**Problem description**
The entries below hold a line with "Heavenly Crown Maitreya" and a line with "Cashmere t-shirt t-shirt". Return those lines and all that lie between them, exactly and only.

**Records**
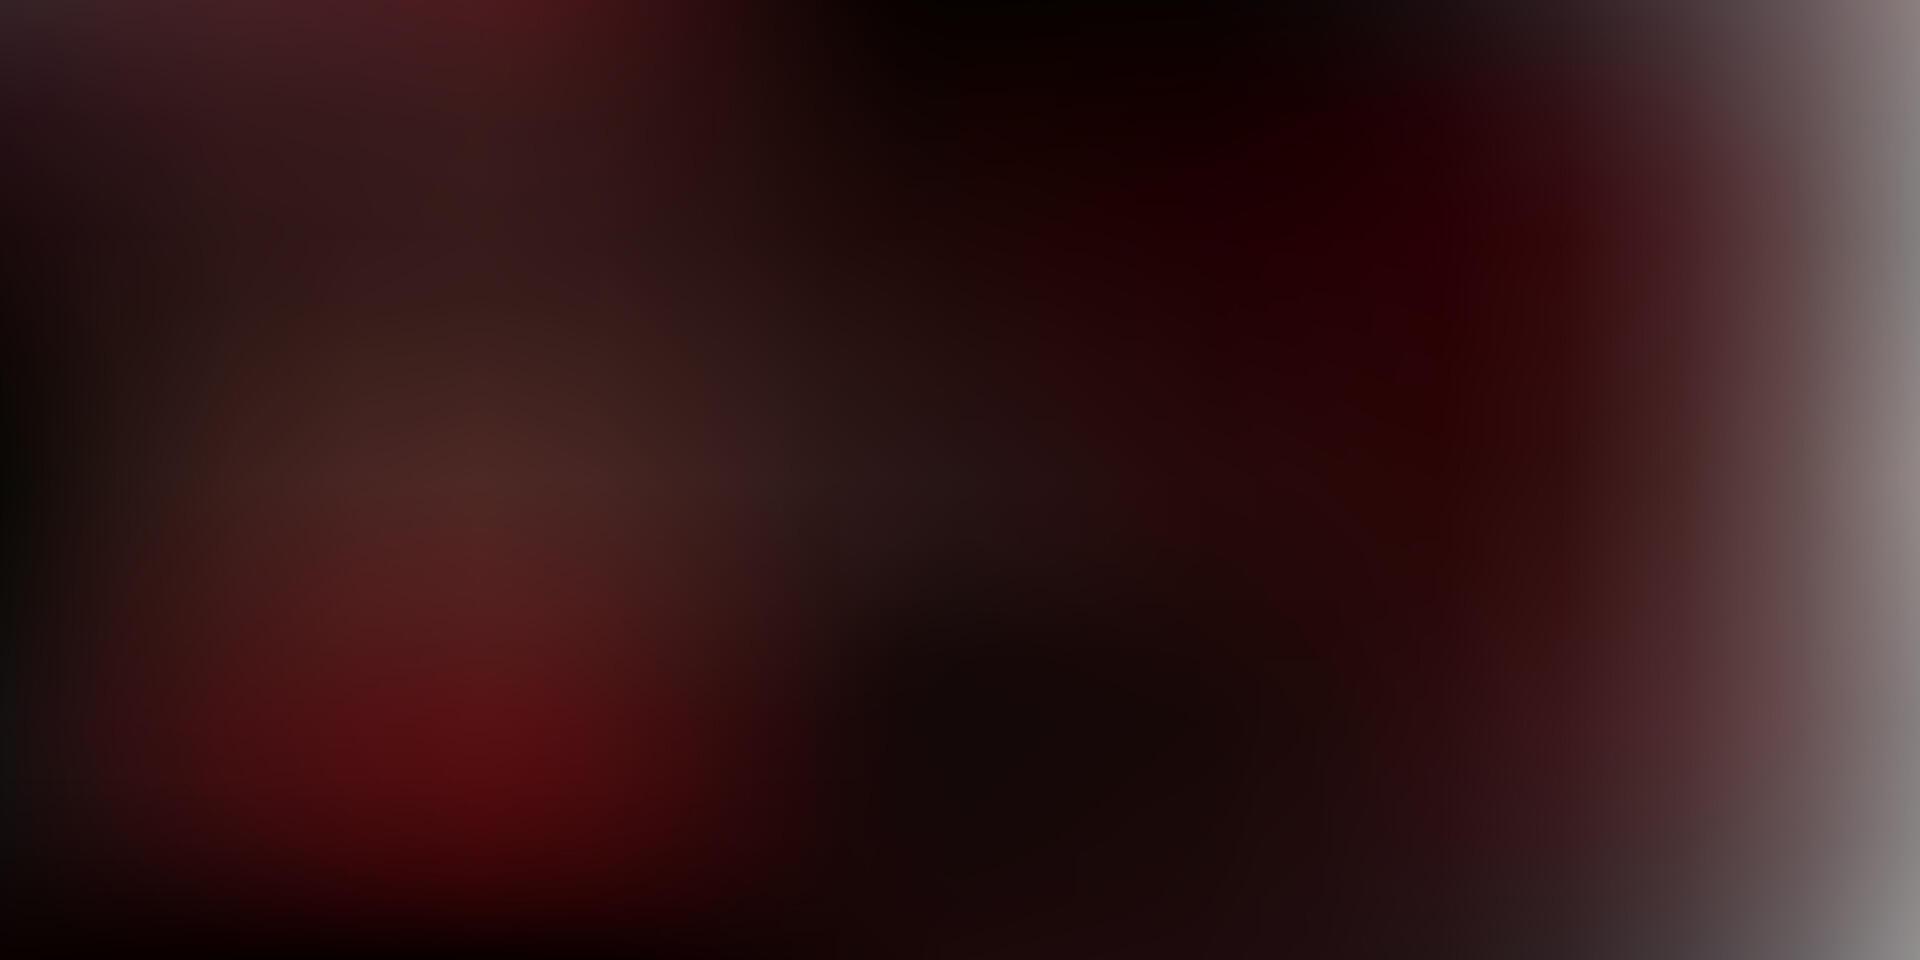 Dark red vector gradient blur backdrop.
==
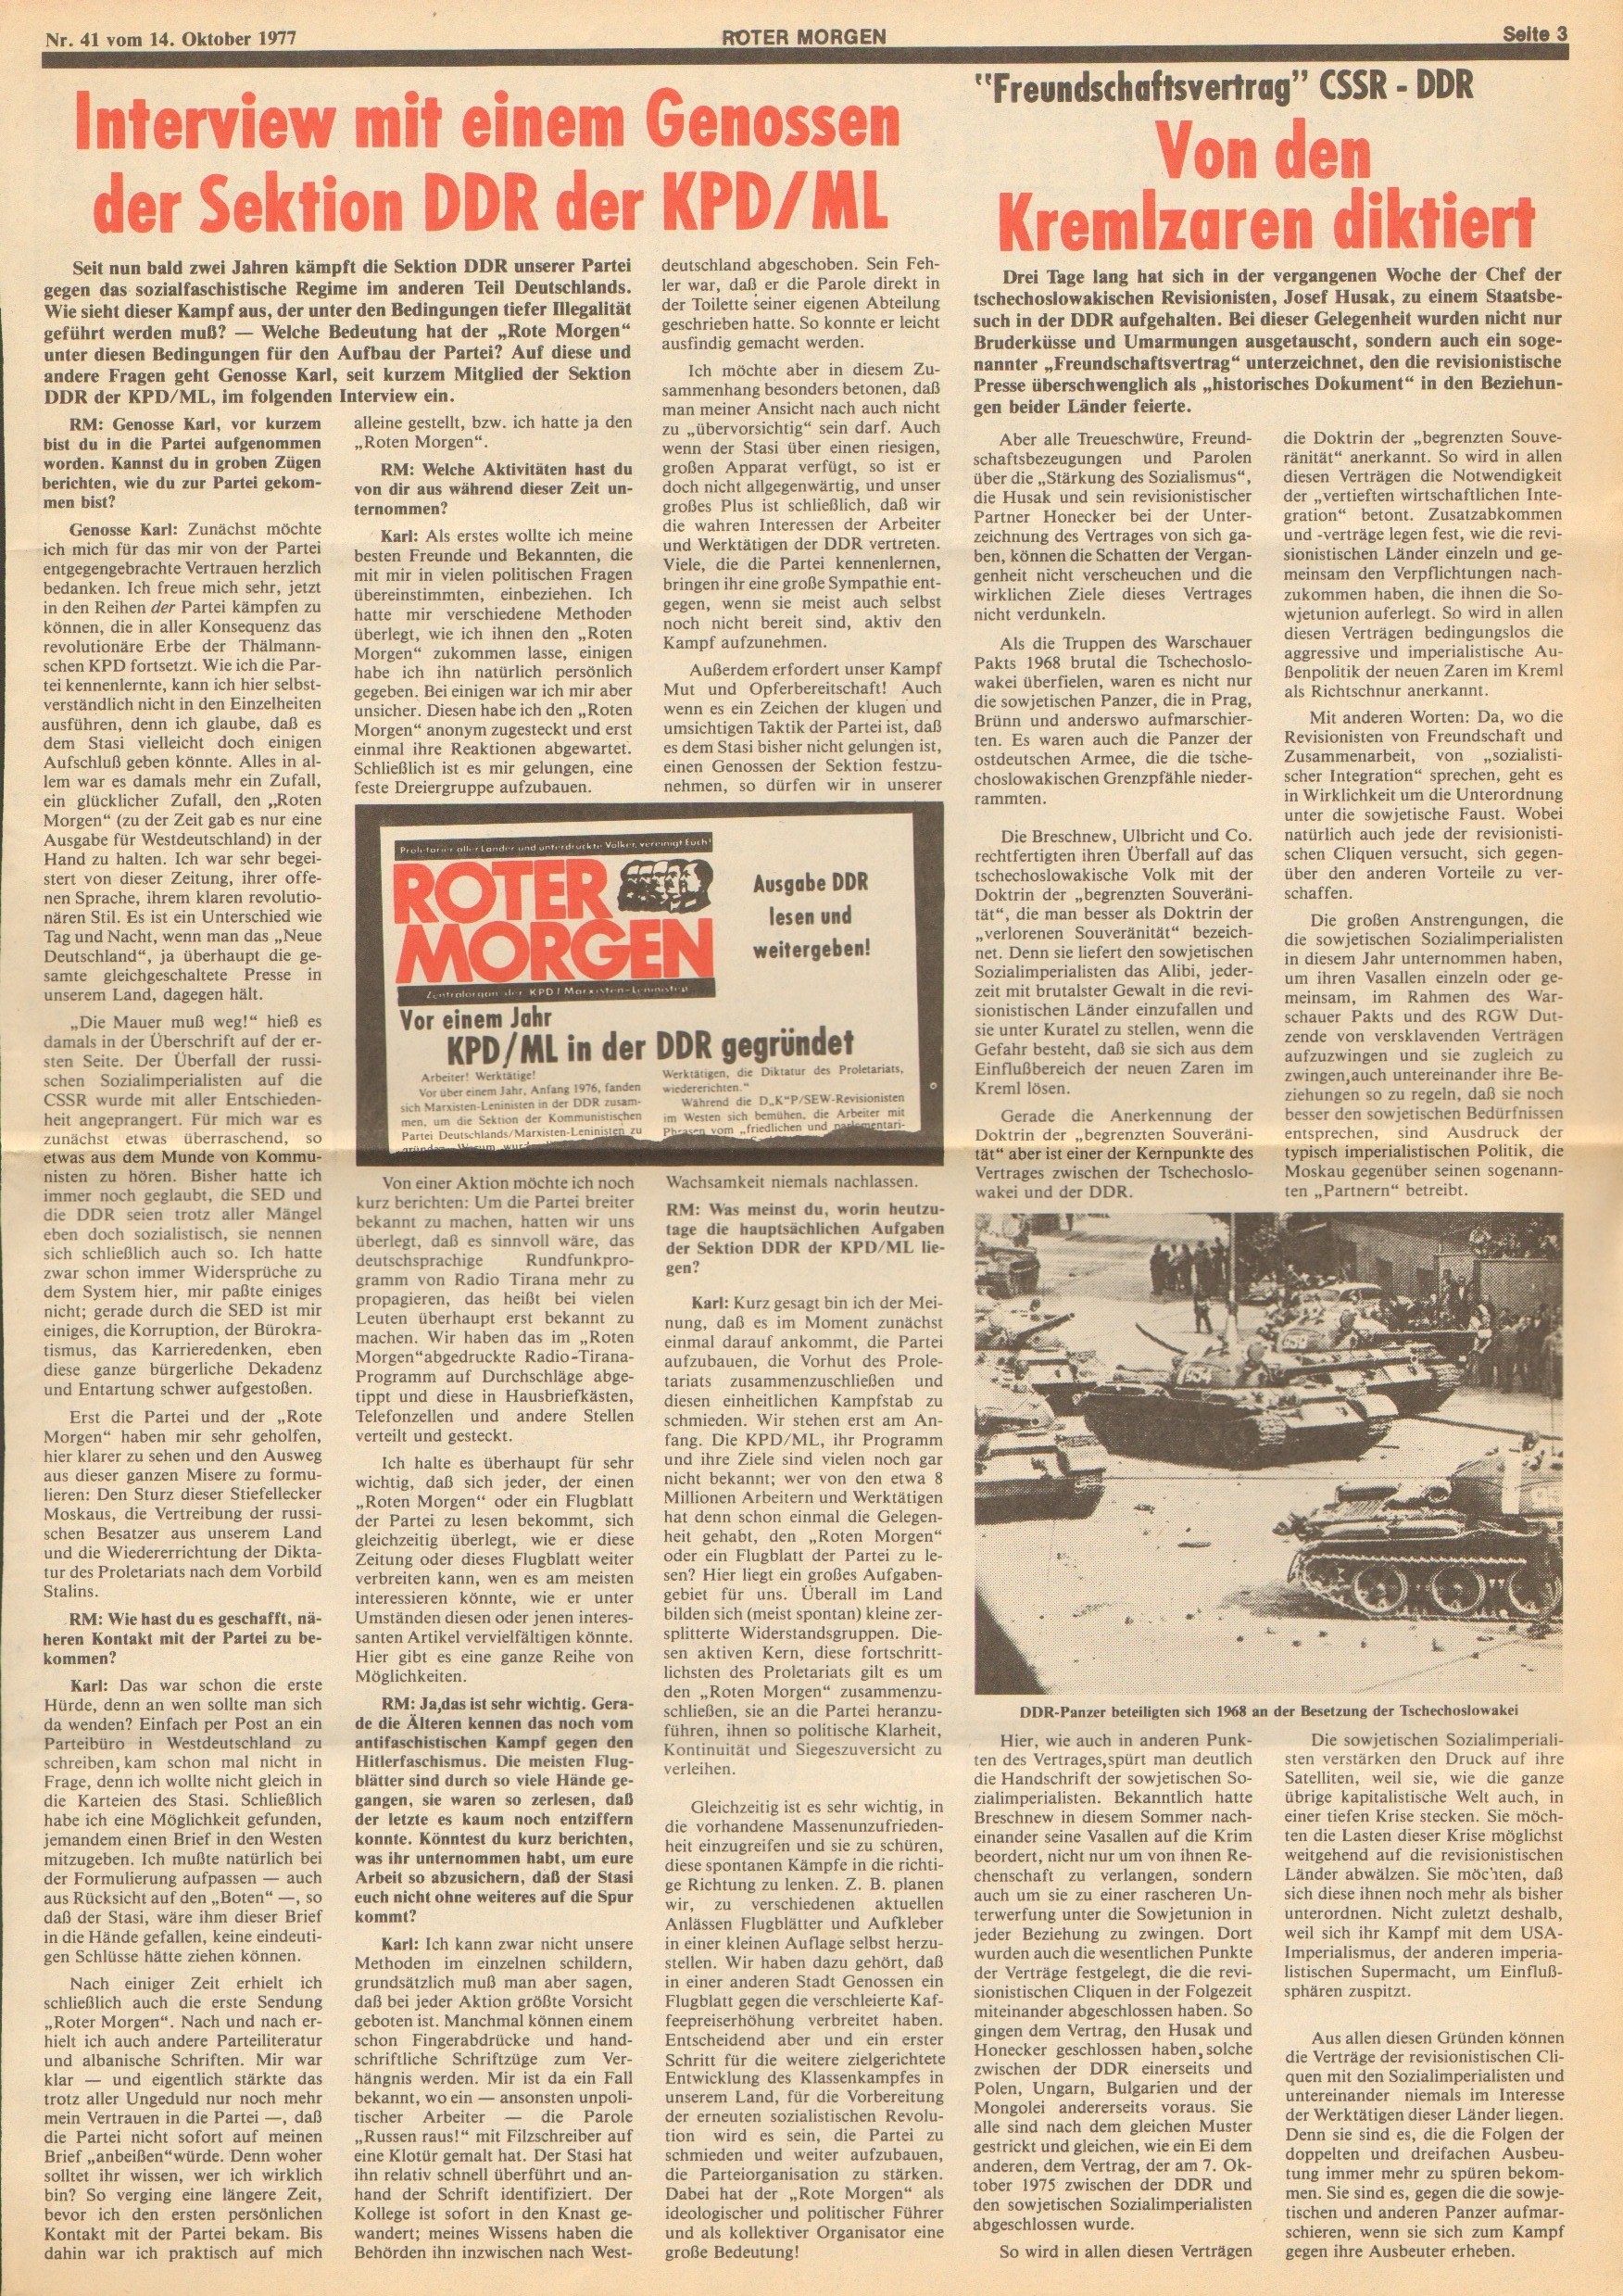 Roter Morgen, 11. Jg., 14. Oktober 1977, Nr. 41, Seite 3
...
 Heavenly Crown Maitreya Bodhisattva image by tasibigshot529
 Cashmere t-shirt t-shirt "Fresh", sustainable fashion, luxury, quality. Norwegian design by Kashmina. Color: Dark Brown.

**Answer space**
 Heavenly Crown Maitreya Bodhisattva image by tasibigshot529
 Cashmere t-shirt t-shirt "Fresh", sustainable fashion, luxury, quality. Norwegian design by Kashmina. Color: Dark Brown.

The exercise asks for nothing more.